#### INPUT DATA:
☆ ☆ ☆ ☆

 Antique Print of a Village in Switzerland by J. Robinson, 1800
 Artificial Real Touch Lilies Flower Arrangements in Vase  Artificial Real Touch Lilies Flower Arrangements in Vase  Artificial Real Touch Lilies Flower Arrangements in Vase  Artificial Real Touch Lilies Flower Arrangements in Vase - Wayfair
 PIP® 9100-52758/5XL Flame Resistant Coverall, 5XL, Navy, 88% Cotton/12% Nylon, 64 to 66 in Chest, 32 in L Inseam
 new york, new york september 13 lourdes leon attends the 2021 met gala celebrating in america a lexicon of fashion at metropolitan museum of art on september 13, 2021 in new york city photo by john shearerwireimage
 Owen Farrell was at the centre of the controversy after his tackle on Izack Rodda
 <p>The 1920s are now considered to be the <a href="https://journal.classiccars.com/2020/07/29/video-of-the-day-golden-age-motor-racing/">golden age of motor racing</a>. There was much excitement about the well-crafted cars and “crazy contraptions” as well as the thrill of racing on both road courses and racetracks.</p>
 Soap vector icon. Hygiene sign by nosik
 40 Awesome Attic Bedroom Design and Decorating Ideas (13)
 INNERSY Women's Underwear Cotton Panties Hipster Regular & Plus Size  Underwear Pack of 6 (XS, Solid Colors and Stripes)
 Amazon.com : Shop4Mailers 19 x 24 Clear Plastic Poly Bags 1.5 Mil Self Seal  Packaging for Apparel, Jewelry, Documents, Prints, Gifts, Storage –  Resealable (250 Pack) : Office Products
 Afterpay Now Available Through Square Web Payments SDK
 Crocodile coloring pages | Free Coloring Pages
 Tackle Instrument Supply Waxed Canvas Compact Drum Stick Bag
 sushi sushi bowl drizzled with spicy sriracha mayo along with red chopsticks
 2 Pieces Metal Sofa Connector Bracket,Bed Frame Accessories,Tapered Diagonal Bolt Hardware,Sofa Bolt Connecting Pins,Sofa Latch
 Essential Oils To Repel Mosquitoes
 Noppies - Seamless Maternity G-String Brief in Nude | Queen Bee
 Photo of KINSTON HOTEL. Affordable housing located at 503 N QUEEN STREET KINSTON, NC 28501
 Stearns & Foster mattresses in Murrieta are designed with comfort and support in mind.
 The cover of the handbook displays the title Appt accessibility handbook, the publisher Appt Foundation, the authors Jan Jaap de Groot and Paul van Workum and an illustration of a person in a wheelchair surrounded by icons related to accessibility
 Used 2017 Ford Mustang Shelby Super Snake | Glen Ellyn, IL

☆ ☆ ☆ ☆

#### PROBLEM REQUIREMENTS:
All records are to be printed again, exactly and completely.

#### SOLUTION FOR THIS EXERCISE:
 Antique Print of a Village in Switzerland by J. Robinson, 1800
 Artificial Real Touch Lilies Flower Arrangements in Vase  Artificial Real Touch Lilies Flower Arrangements in Vase  Artificial Real Touch Lilies Flower Arrangements in Vase  Artificial Real Touch Lilies Flower Arrangements in Vase - Wayfair
 PIP® 9100-52758/5XL Flame Resistant Coverall, 5XL, Navy, 88% Cotton/12% Nylon, 64 to 66 in Chest, 32 in L Inseam
 new york, new york september 13 lourdes leon attends the 2021 met gala celebrating in america a lexicon of fashion at metropolitan museum of art on september 13, 2021 in new york city photo by john shearerwireimage
 Owen Farrell was at the centre of the controversy after his tackle on Izack Rodda
 <p>The 1920s are now considered to be the <a href="https://journal.classiccars.com/2020/07/29/video-of-the-day-golden-age-motor-racing/">golden age of motor racing</a>. There was much excitement about the well-crafted cars and “crazy contraptions” as well as the thrill of racing on both road courses and racetracks.</p>
 Soap vector icon. Hygiene sign by nosik
 40 Awesome Attic Bedroom Design and Decorating Ideas (13)
 INNERSY Women's Underwear Cotton Panties Hipster Regular & Plus Size  Underwear Pack of 6 (XS, Solid Colors and Stripes)
 Amazon.com : Shop4Mailers 19 x 24 Clear Plastic Poly Bags 1.5 Mil Self Seal  Packaging for Apparel, Jewelry, Documents, Prints, Gifts, Storage –  Resealable (250 Pack) : Office Products
 Afterpay Now Available Through Square Web Payments SDK
 Crocodile coloring pages | Free Coloring Pages
 Tackle Instrument Supply Waxed Canvas Compact Drum Stick Bag
 sushi sushi bowl drizzled with spicy sriracha mayo along with red chopsticks
 2 Pieces Metal Sofa Connector Bracket,Bed Frame Accessories,Tapered Diagonal Bolt Hardware,Sofa Bolt Connecting Pins,Sofa Latch
 Essential Oils To Repel Mosquitoes
 Noppies - Seamless Maternity G-String Brief in Nude | Queen Bee
 Photo of KINSTON HOTEL. Affordable housing located at 503 N QUEEN STREET KINSTON, NC 28501
 Stearns & Foster mattresses in Murrieta are designed with comfort and support in mind.
 The cover of the handbook displays the title Appt accessibility handbook, the publisher Appt Foundation, the authors Jan Jaap de Groot and Paul van Workum and an illustration of a person in a wheelchair surrounded by icons related to accessibility
 Used 2017 Ford Mustang Shelby Super Snake | Glen Ellyn, IL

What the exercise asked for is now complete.